Office supply glitch? How Chad wound up on travel ban list
By JOSH LEDERMAN, Associated Press
Oct 18, 2017 5:19 PM CDT
Sylvie Kent, 6, of Manassas, Va., sitting on her mother, Mel Kent's shoulders, holds up a placard during a rally against what they call a "Muslim ban" in front of the Trump International Hotel in Washington, Wednesday, Oct. 18, 2017. (AP Photo/Manuel Balce Ceneta)   (Associated Press)

WASHINGTON (AP) — This is the story of how an office supply glitch became a major irritant between the United States and one of its close security partners.

When President Donald Trump added the African nation of Chad last month to his most recent installment of travel restrictions, everyone from the Pentagon to Chad's leaders to the French government was perplexed. The U.S. has praised Chad's cooperation on counterterrorism, especially its campaign against a vicious Boko Haram insurgency spilling over from Nigeria.

As it turns out, a seemingly pedestrian issue was largely to blame: Chad had run out of passport paper.

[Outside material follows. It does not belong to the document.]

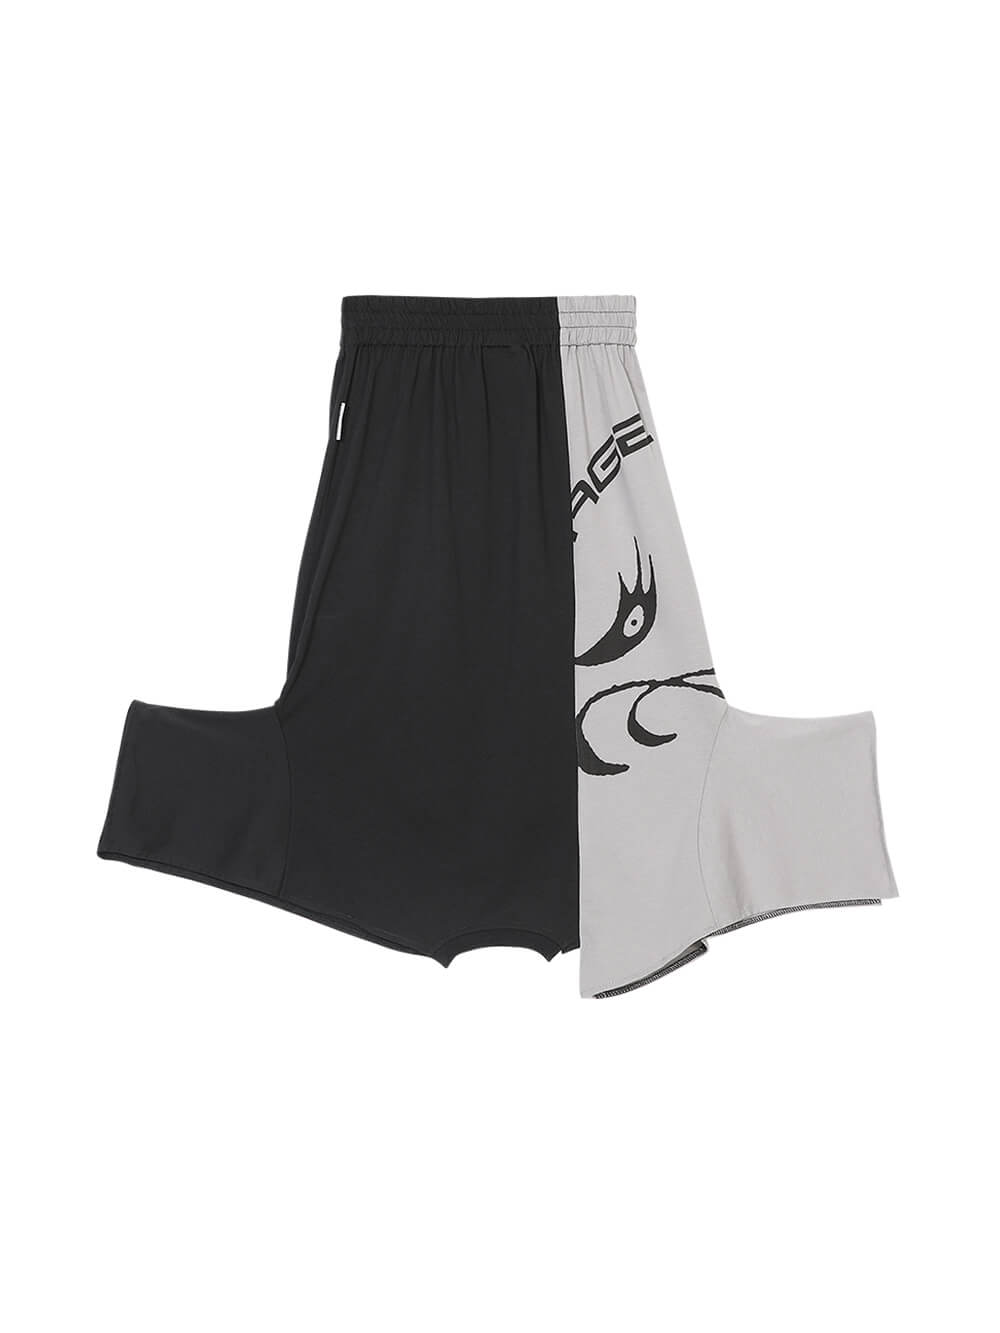 MUKTANK Black And White Stitching Suit Skirt

Chad and every other country had been given 50 days to prove it was meeting a "baseline" of security conditions the Trump administration says is needed for the U.S. to properly screen potential visitors. One condition was that countries provide a recent sample of its passports so that the Homeland Security Department could analyze how secure they really are.

Lacking the special passport paper, Chad's government couldn't comply, but offered to provide a pre-existing sample of the same type of passport, several U.S. officials said. It wasn't enough to persuade Homeland Security to make an exception to requirements the agency has been applying strictly and literally to countries across the globe, said the officials, who requested anonymity to discuss disagreements within the administration.

Still, the U.S. told Chad it could be removed once the issues were addressed, with national security adviser H.R. McMaster saying at the time that Chad could come off the list "maybe in a couple of months." McMaster spoke to Chadian leader Idriss Deby last week about getting the visa restrictions removed, the State Department said, but the country remains on the list.

At least that was the case until Tuesday, hours before the new restrictions were to take effect, when a federal judge in Hawaii blocked Trump's order, saying it had the same legal problems that foiled the first two iterations of his "travel ban." The move puts the restrictions temporarily on hold, but Trump's administration has pledged to appeal.

The Homeland Security Department confirmed that the U.S. "lacks a recent sample from Chad" of its passports, but said there were other problems, too.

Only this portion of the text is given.